MANAGEMENT'S DISCUSSION AND ANALYSIS
Operating Results
The following table summarizes the Company's revenues, cost of operations,
and gross profit by its business segments (in thousands):
Three Months Six Months
Ended March 31, Ended March 31,
1996 1995 1996 1995
Revenues:
Transportation $13,792 $12,066 $27,127 $23,634
Real estate 2,149 2,450 4,135 4,358
Sale of real estate 8 - 8 -
$15,949 $14,516 $31,270 $27,992
Cost of operations:
Transportation $11,510 $ 9,687 $22,154 $19,532
Real estate 1,069 690 1,898 1,366
Sale of real estate 4 - 4 -
$12,583 $10,377 $24,056 $20,898
Gross profit:
Transportation $ 2,282 $ 2,379 $ 4,973 $ 4,102
Real estate 1,080 1,760 2,237 2,992
Sale of real estate 4 - 4 -
$ 3,366 $ 4,139 $ 7,214 $ 7,094
For the second quarter and first six months of fiscal 1996, ended March 31,
1996, consolidated revenues increased 10% and 12%, respectively, over the
same periods last year. The Transportation segment had increased revenue for
the second quarter and first half of 14% and 15%, respectively, due
principally from increased volume in Florida Rock & Tank Lines, Inc. and the
continuing expansion of SunBelt Transport, Inc.

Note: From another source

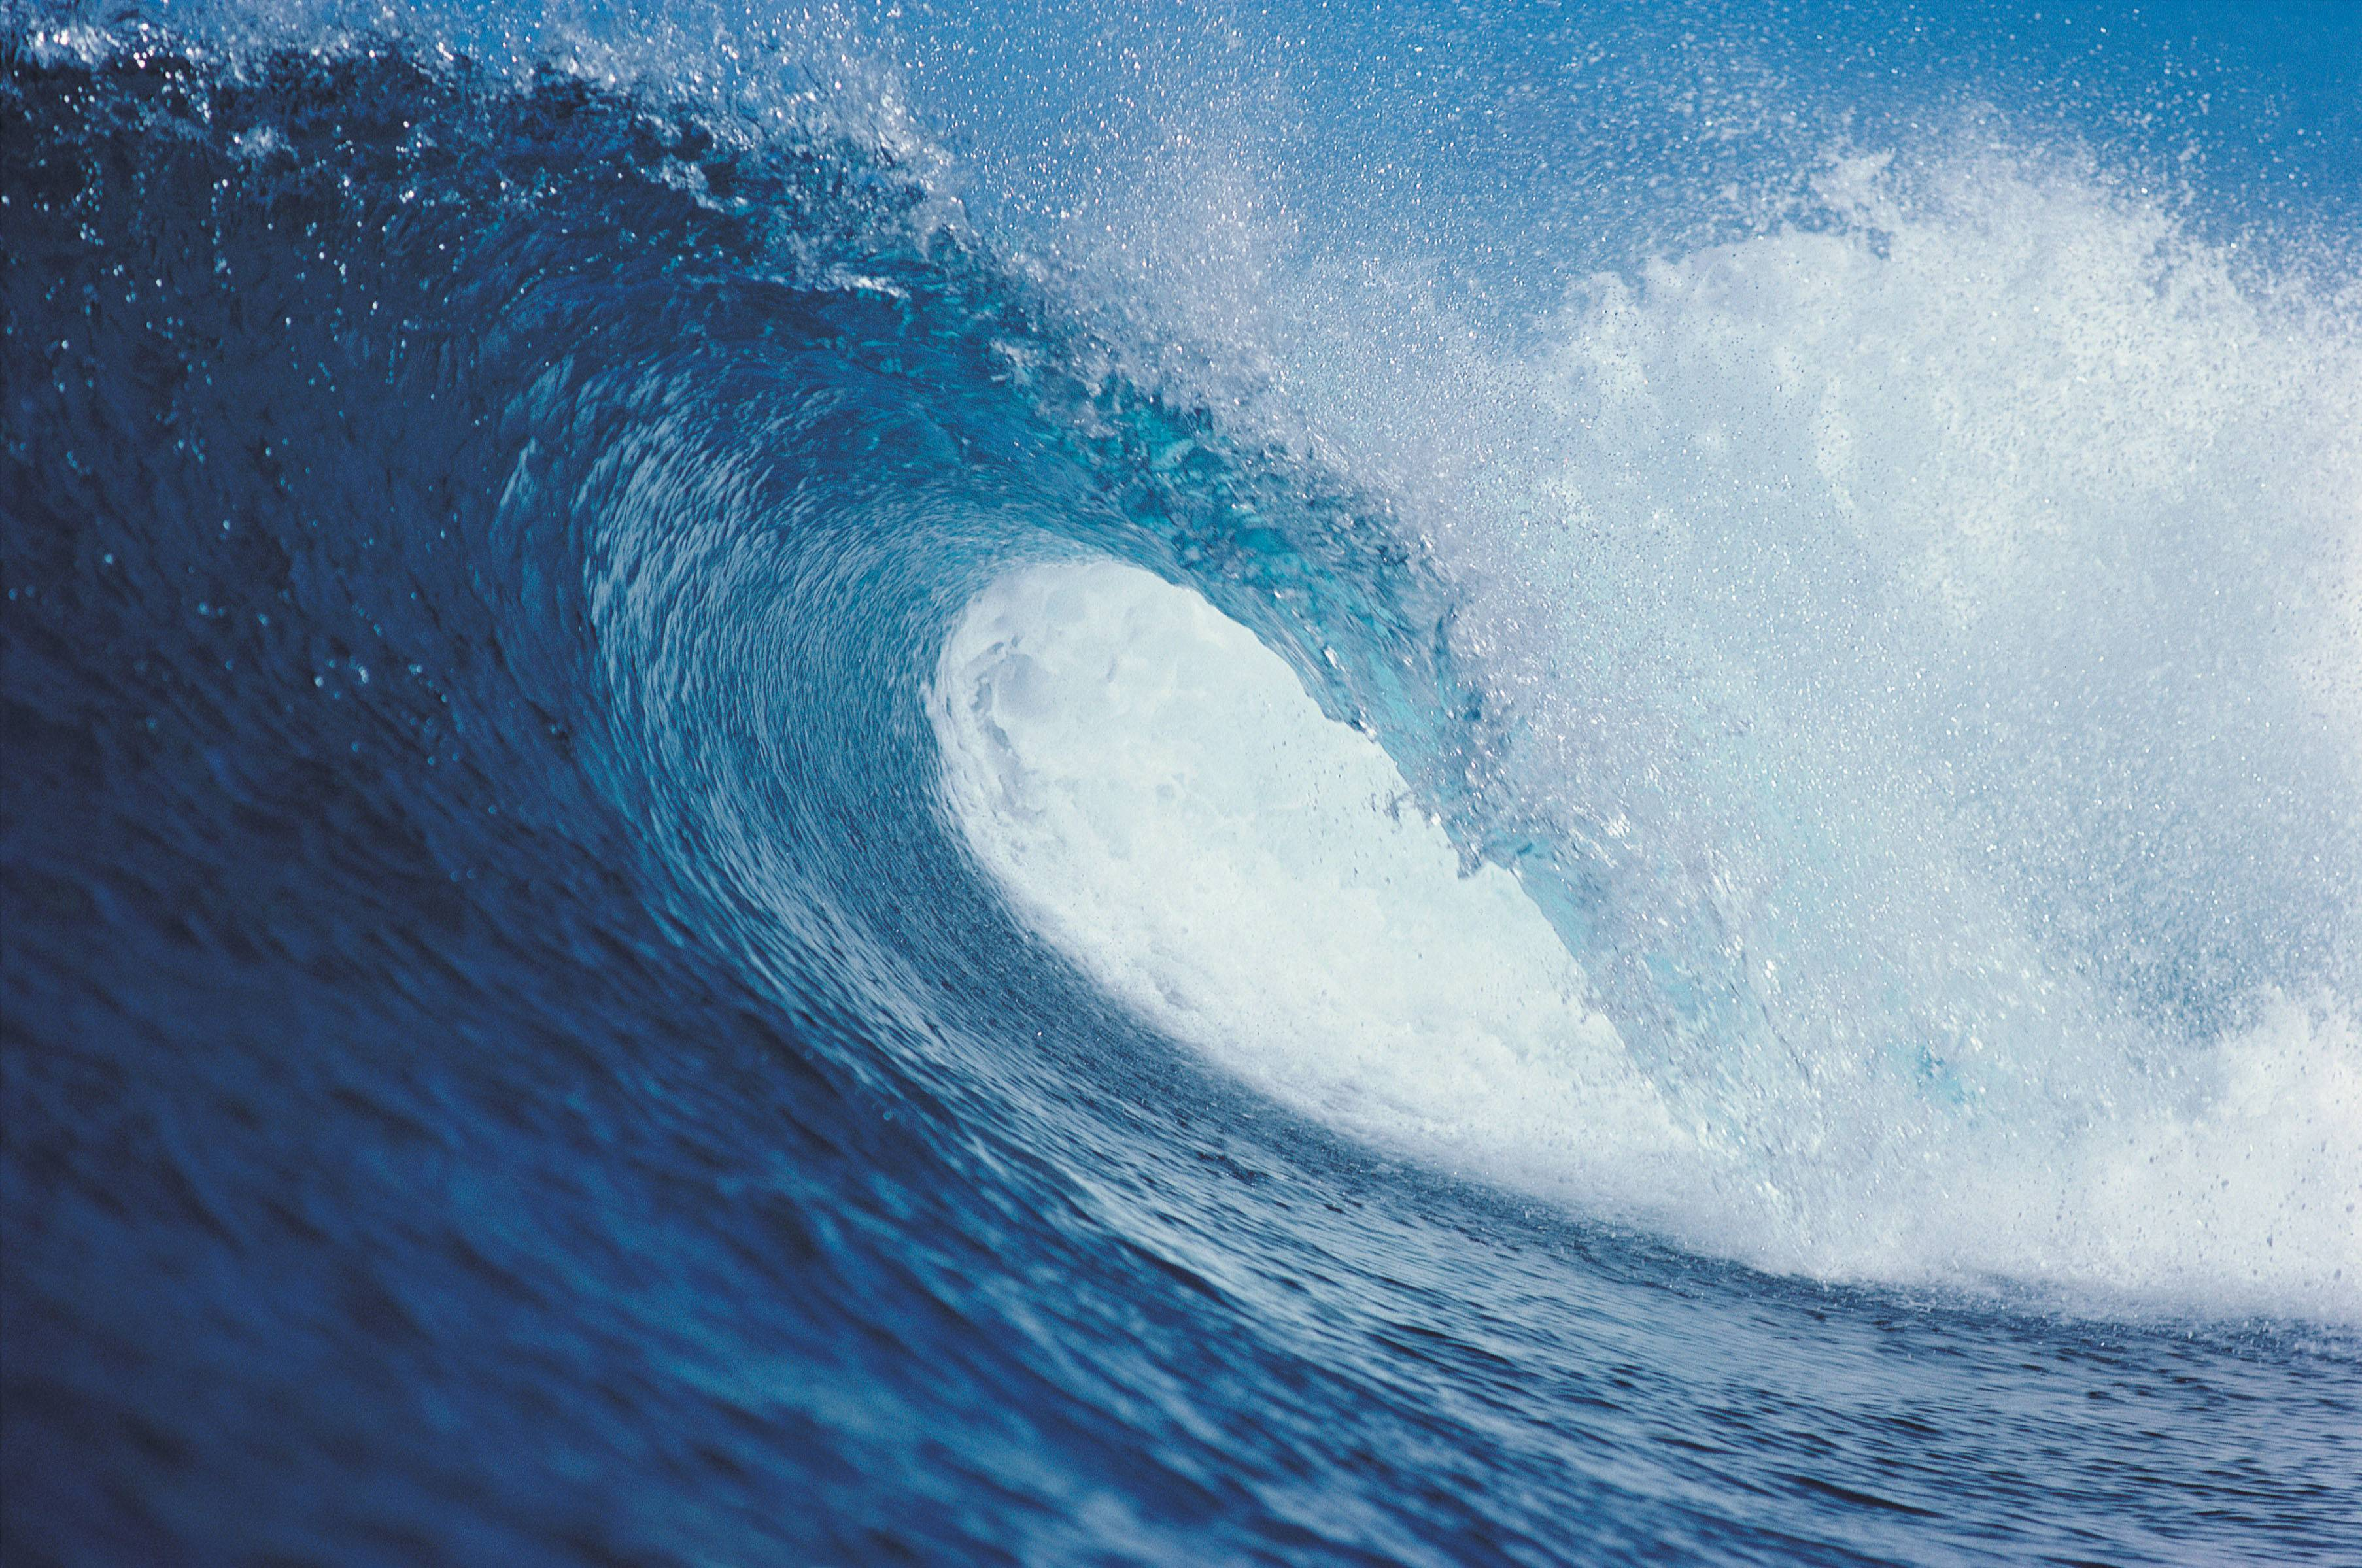 Ocean Wave Wallpaper 6

Real estate revenues declined $301,000 or 12% for the second quarter and
$223,000 or 5% for the first half from the same periods last year. The
decreases were due to the one-time royalty collection and timber sales of
approximately $600,000 in the second quarter of last year. Excluding these
one-time revenues, Real Estate revenues increased 16% for the quarter and 10%
for the first half due to increased royalty and rent revenue.
The Transportation segment's gross profit was negatively impacted in the
second quarter of this year by increased casualty losses of approximately
$125,000 due to two severe accidents. The Company has experienced
accelerating increases in fuel prices particularly during the last two months
of the quarter, which for the most part, after short delays, it has passed on
to its tank truck customers. However, in its flatbed business, current
market conditions are inhibiting passing such increases on to customers at
this time, with only a very few exceptions.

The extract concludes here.